Chapitre 3 : Désillusion


De toute manière, ce n'était pas en restant les pieds plantés dans le sol devant le bureau des professeurs comme une plante verte que je trouverai un indice sur ma nouvelle destination.

J'aurais vraiment dû accepter un plan de l'académie.

Je poussai la porte de la sortie du bâtiment. De mémoire, je n'avais vu aucun écriteau désignant la direction des écuries sur mon précédent trajet. Alors au lieu de revenir sur mes pas, je m'avançai pour quitter la petite allée qui bordait l'édifice dédié aux enseignants pour atteindre le chemin central.

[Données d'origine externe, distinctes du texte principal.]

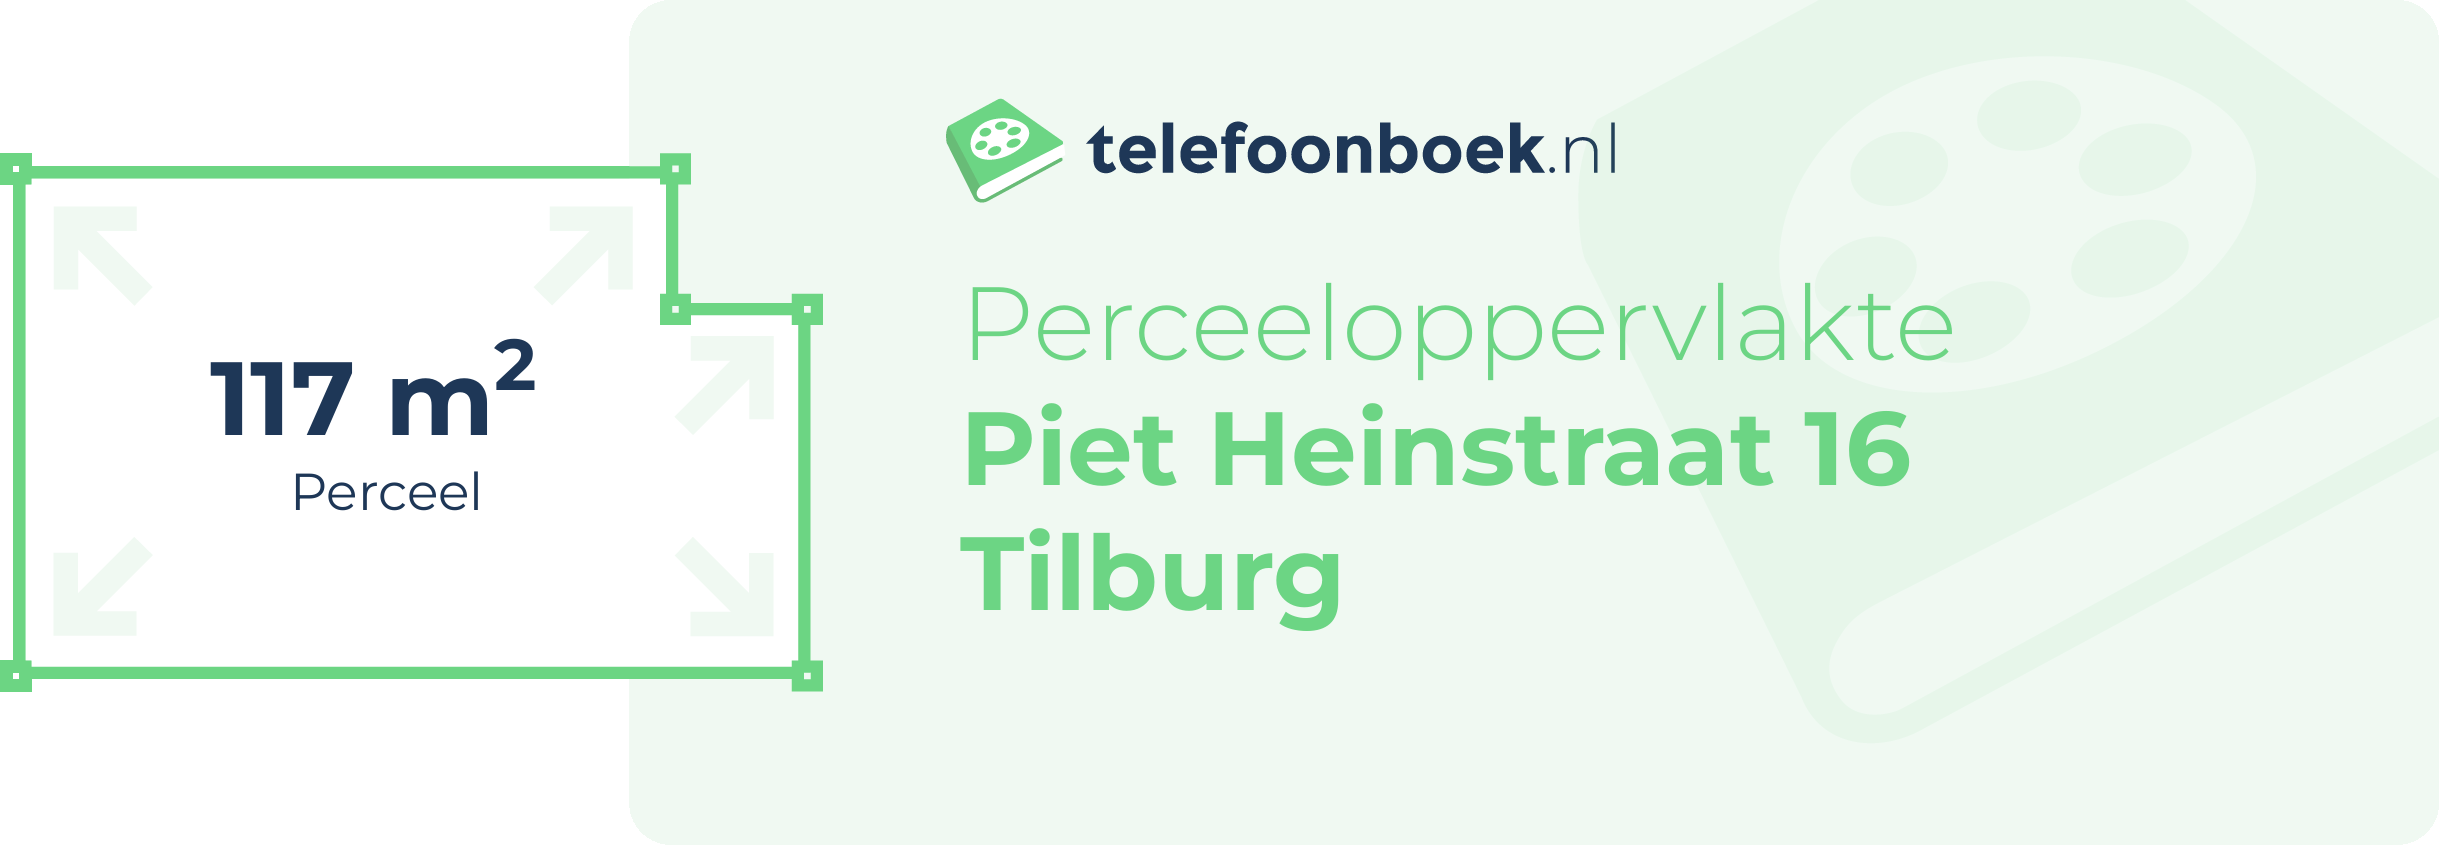 Perceeloppervlakte Piet Heinstraat 16 Tilburg

L'instant suivant s'était déroulé bien trop rapidement pour que mon cerveau puisse traiter l'information dans les temps. Pourtant, j'avais entendu ces bruits de pas marteler le sol, mais je n'y avais pas prêté attention, grossière erreur. Je sentis un choc un peu douloureux, des mains me saisir bien trop fermement, mon corps se faire entraîner dans un mouvement que je ne contrôlais pas et mes pieds bouger tous seuls. Mes yeux, bien que grands ouverts, n'avaient pas vu grand-chose à la vitesse à laquelle ceci s'était manifesté. Quand ma vision s'était stabilisée, je vis du noir, celui d'un tee-shirt, et sentit une légère odeur de transpiration. Les mains qui me tenaient avec force me décollaient du torse contre lequel je m'étais retrouvée plaquée. Je clignai des yeux. Un garçon vêtu de la tenue de sport aux couleurs de l'académie me fixait de ses yeux vert olive, sévèrement. Il était grand, une carrure imposante, accompagnée d'une musculature apparente. Ses grandes mains se détachaient de mon corps, certainement pour me laisser prendre du recul maintenant que le danger était écarté. Mais je ne bougeai pas d'un iota, gardant cette proximité inadéquate avec un inconnu, car la lumière commençait seulement à se faire dans mon esprit.

What the fuck ?

J'étais passée à deux doigts de finir éclater au sol, percutée par ce bulldozer qui faisait son jogging. Et c'était seulement grâce à ses réflexes, que je trouvais surhumain, qu'il m'avait attrapé et collé contre son torse pour que je ne tombe pas tout en freinant sa course, m'entraînant quelques mètres plus loin avec lui. J'avais encore du mal à réaliser ce qui était arrivé. C'était même un miracle que nous n'étions pas tombés !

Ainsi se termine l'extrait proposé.